## Action item
Print the line containing "Women's V-neck Contrast", then every line after it through the end of the material, exactly as written and without pictures.

## Given data
= = = =

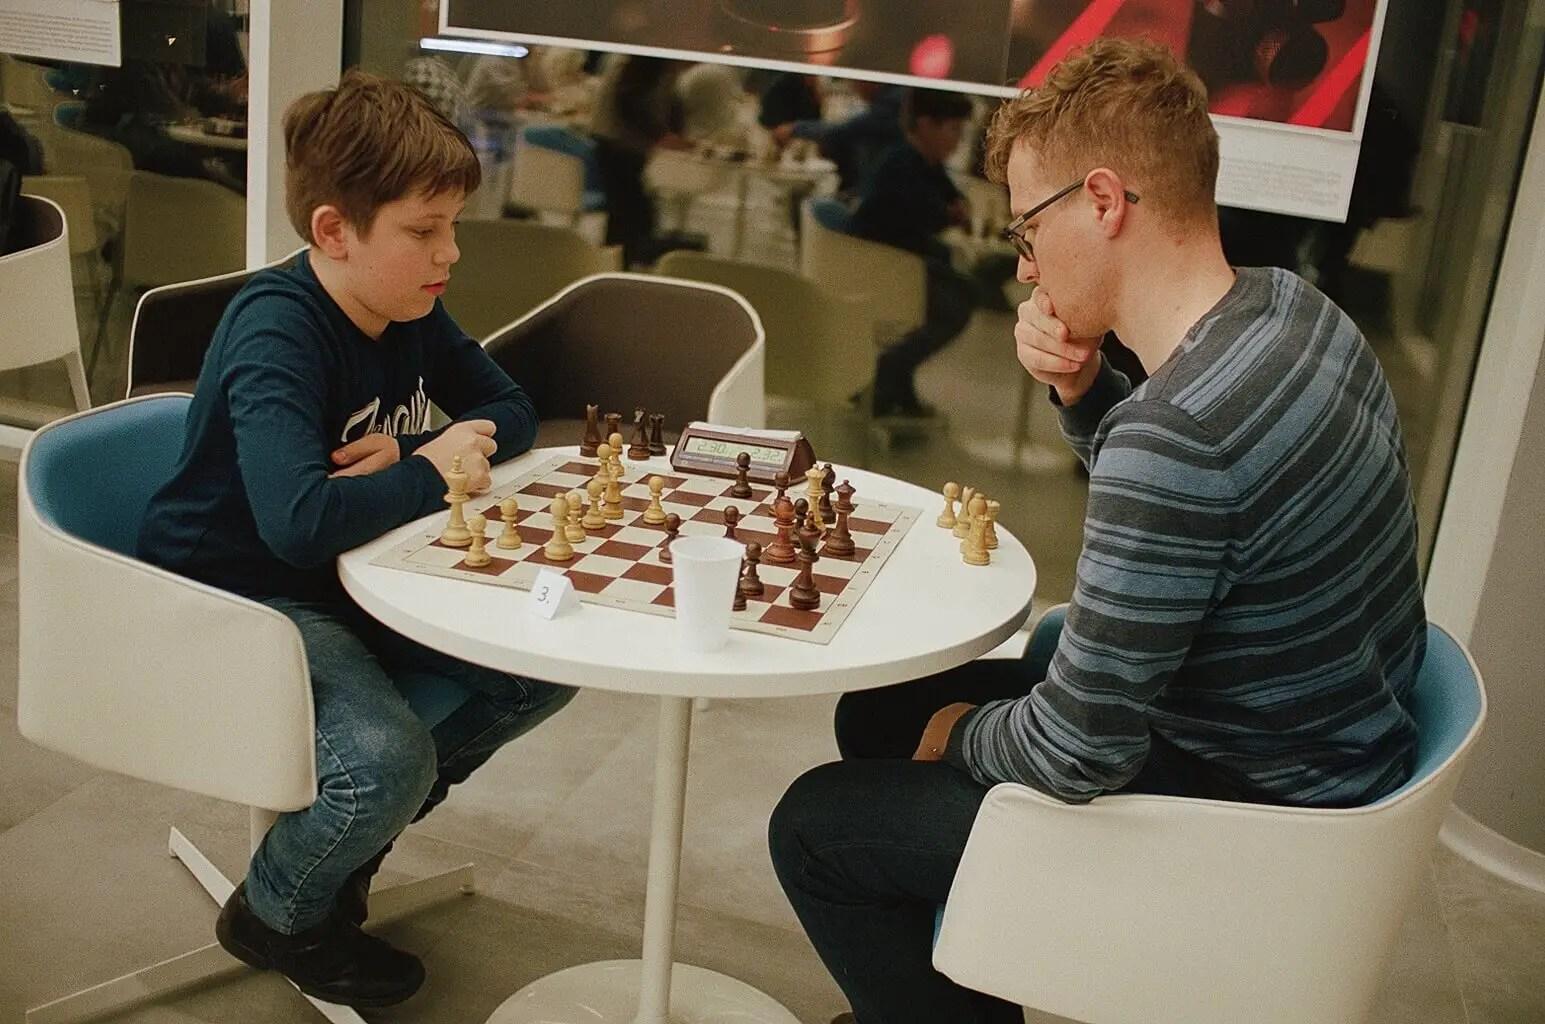 5 Frames... Of Chess at Vilnius University's FTMC on Kodak Portra 160 (35mm Format : EI 200 : Nikon F3 + Nikon Nikkor 50mm f:1.8 AI) - by Arutis
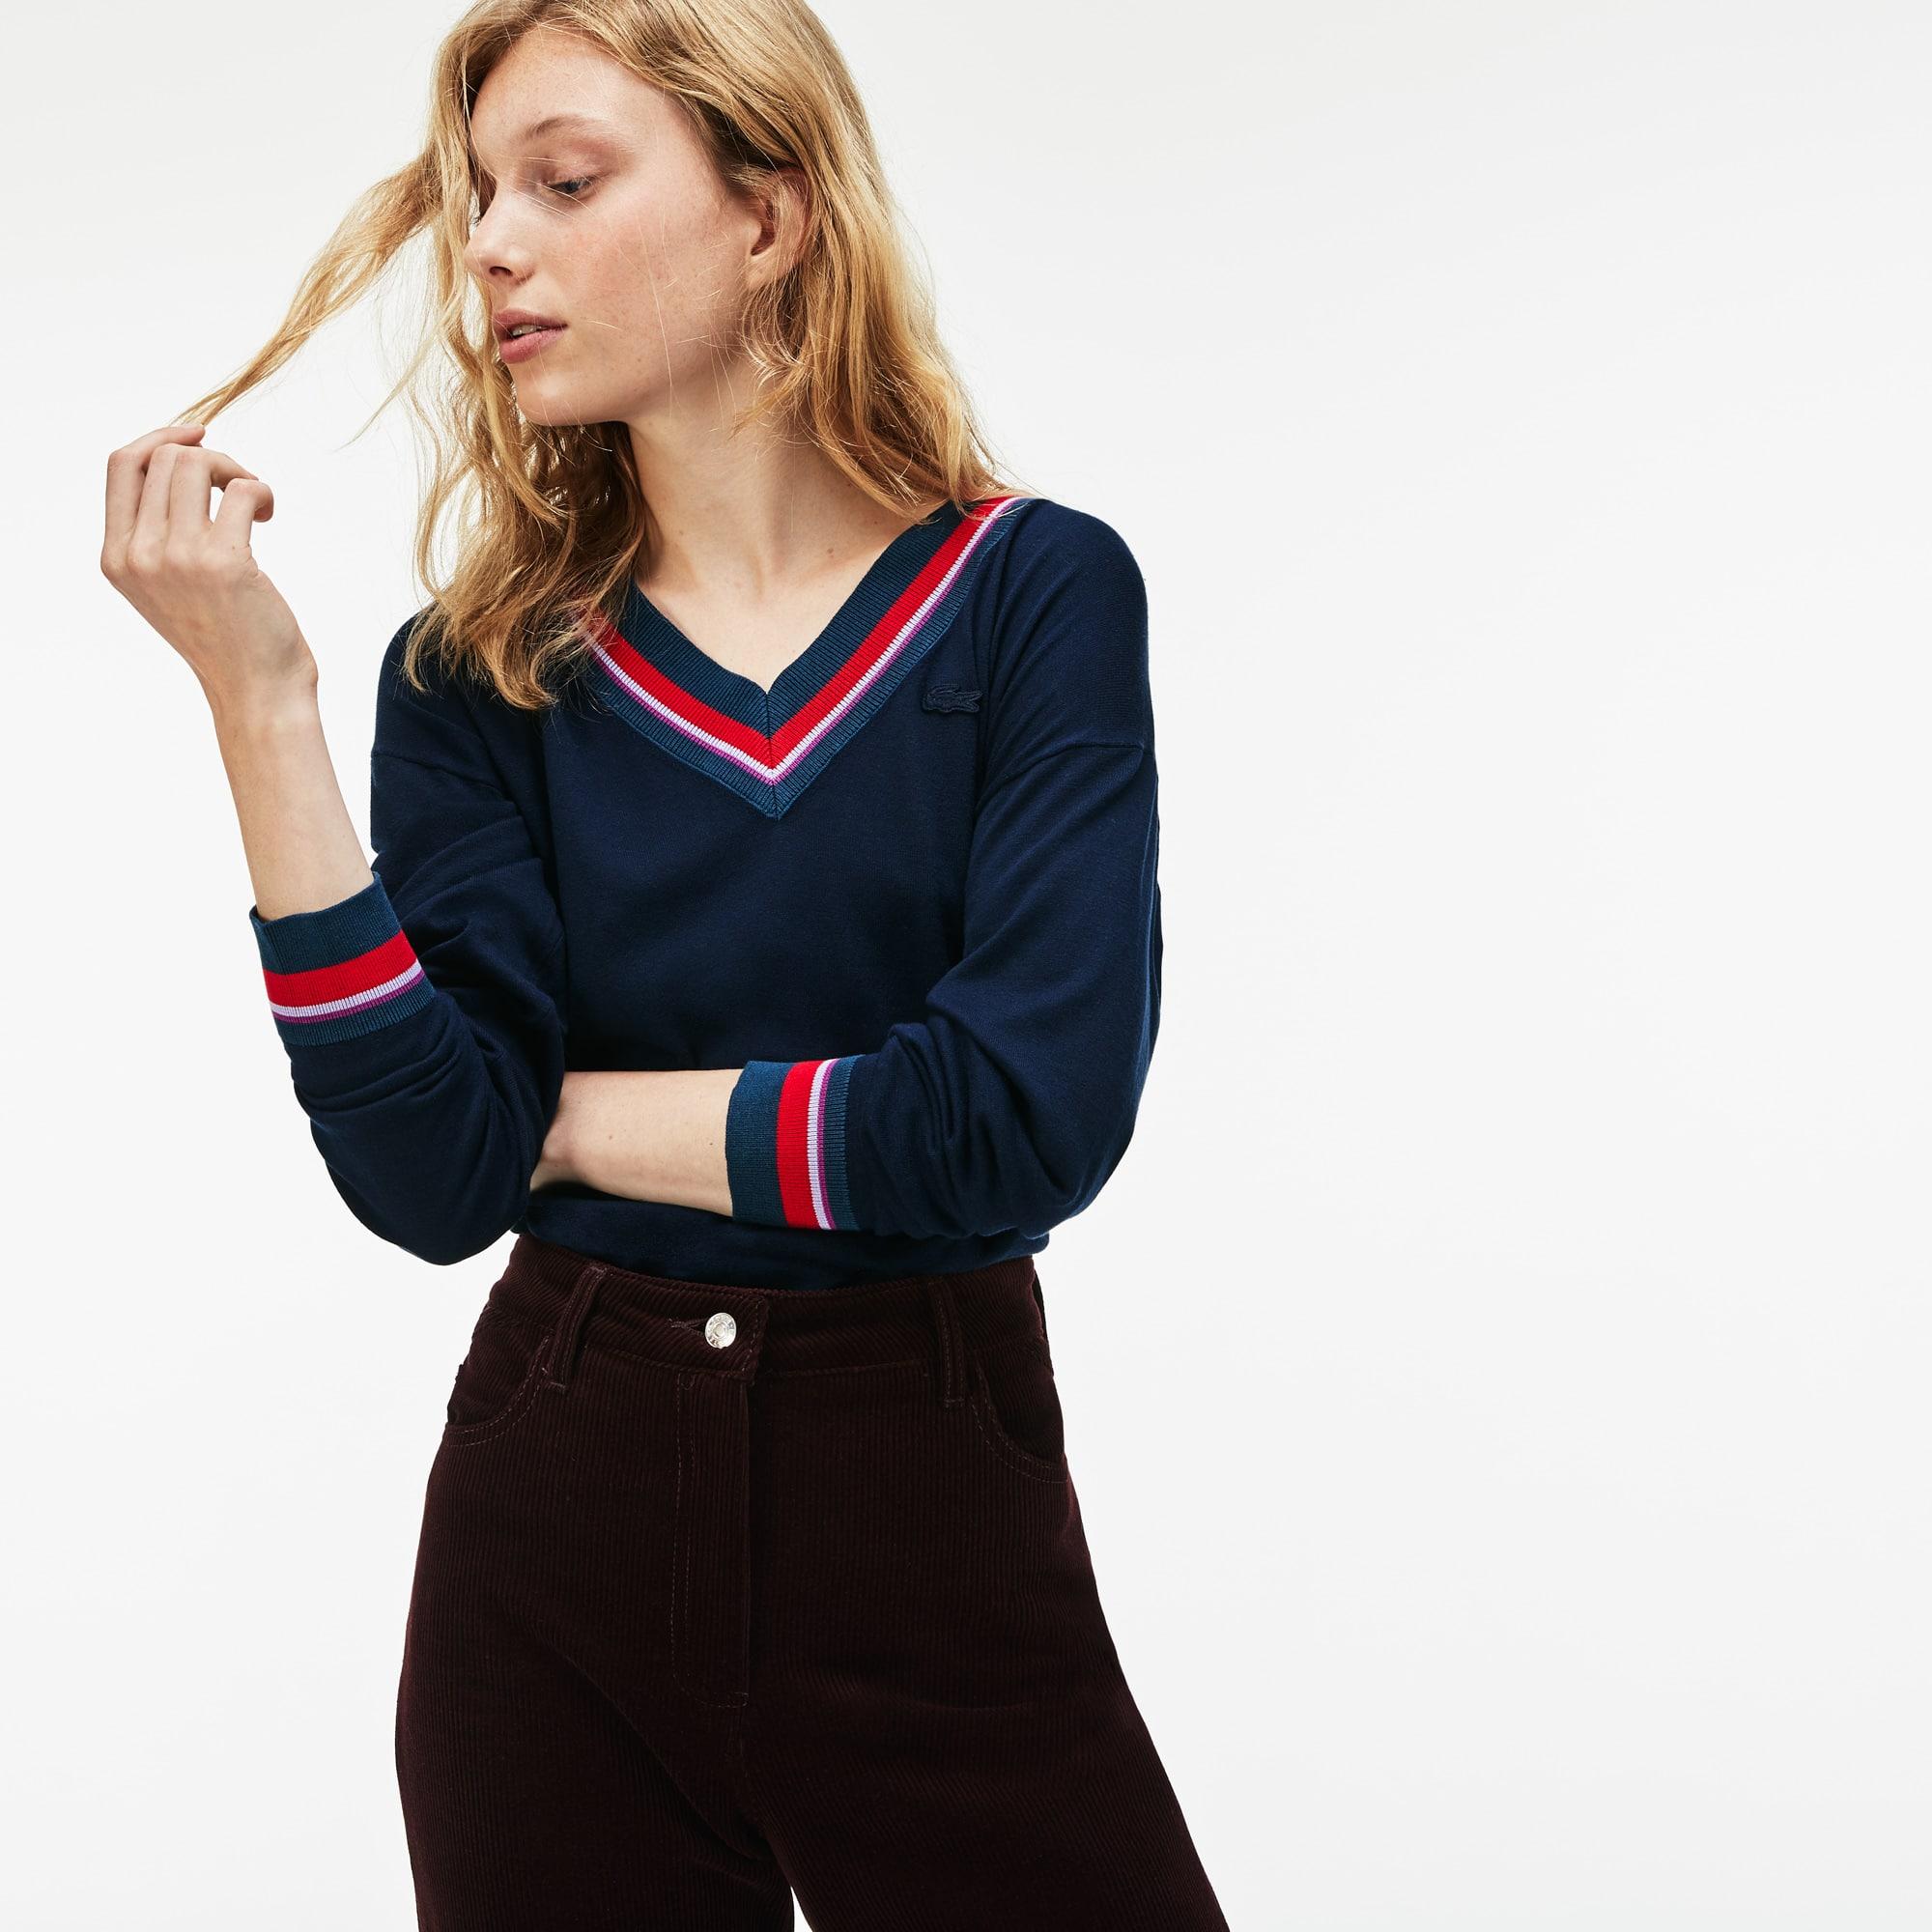 Women's V-neck Contrast Accent Silk Cotton Jersey Sweater
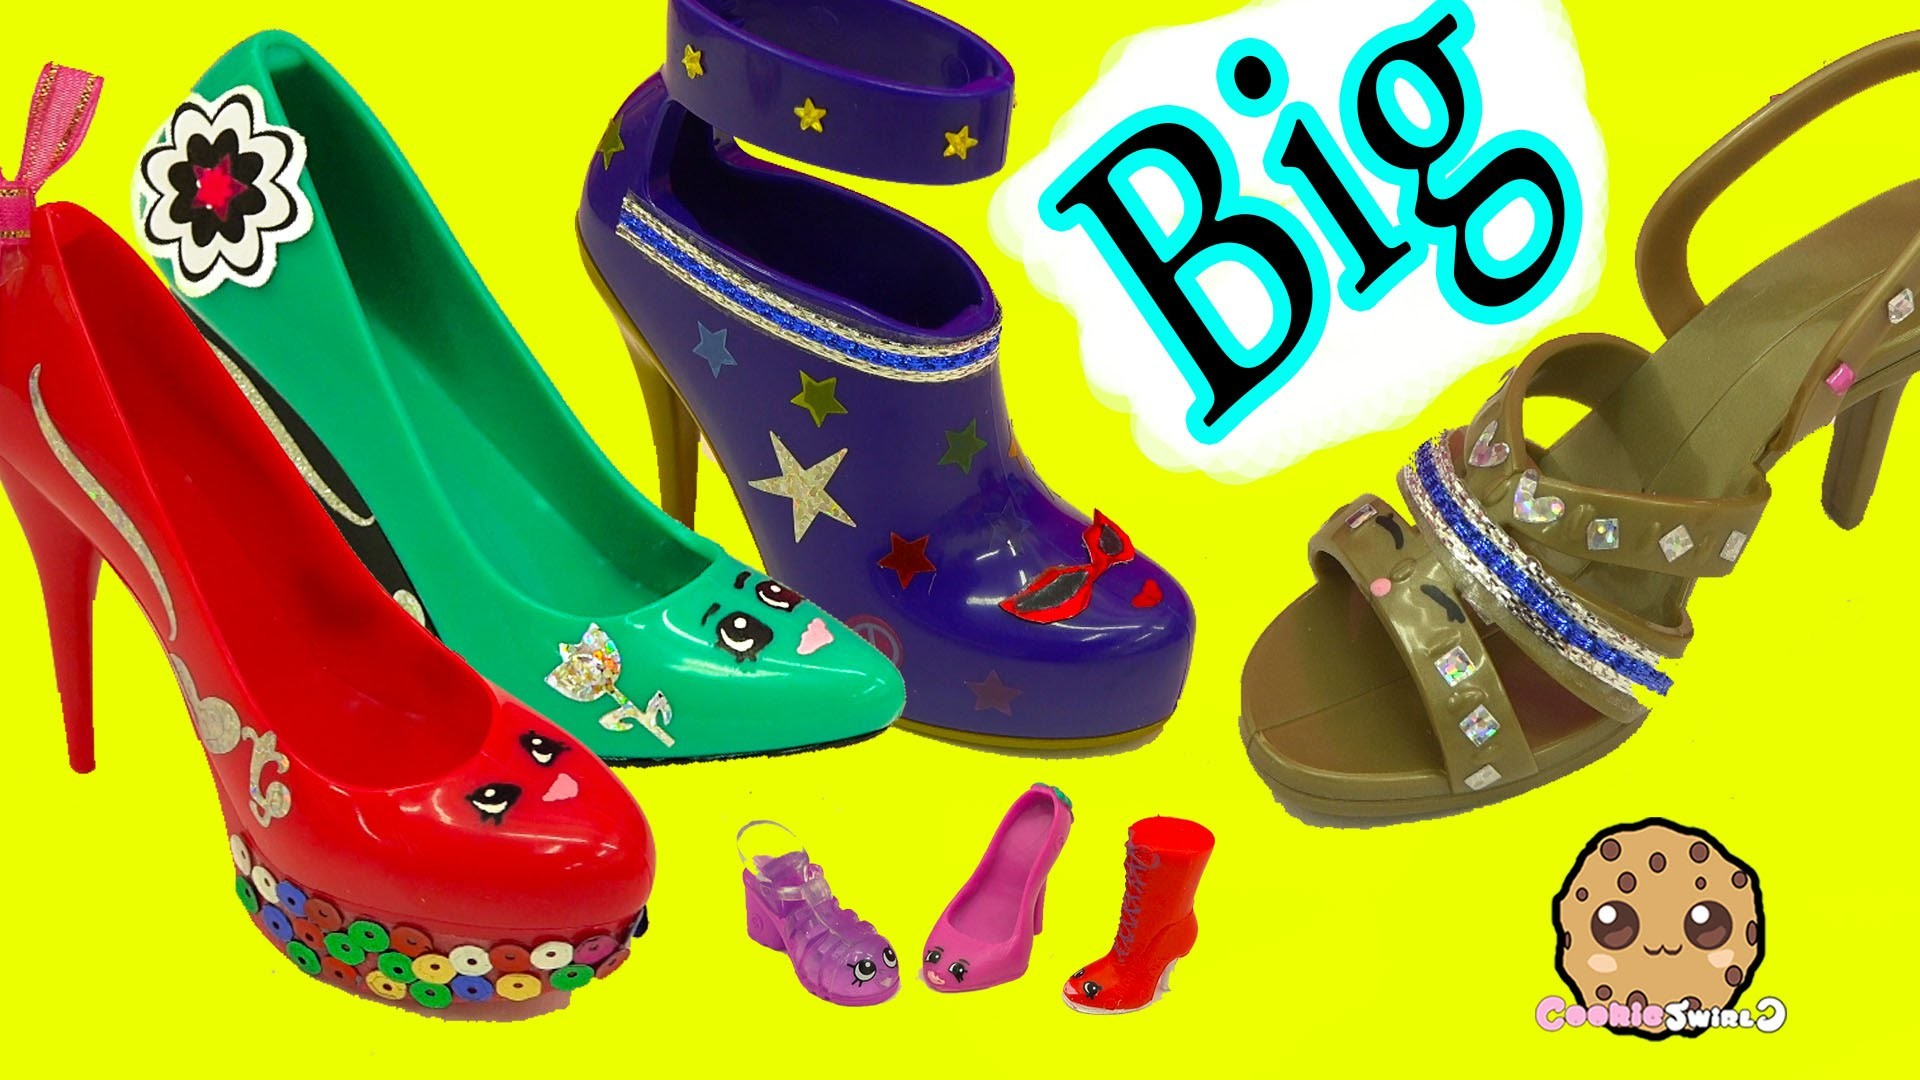 Painting + Designing Large Big Shopkins Inspired Shoes - Crayola Shoe Designer Studio Craft Playset

= = = =

## Output below
 Women's V-neck Contrast Accent Silk Cotton Jersey Sweater
 Painting + Designing Large Big Shopkins Inspired Shoes - Crayola Shoe Designer Studio Craft Playset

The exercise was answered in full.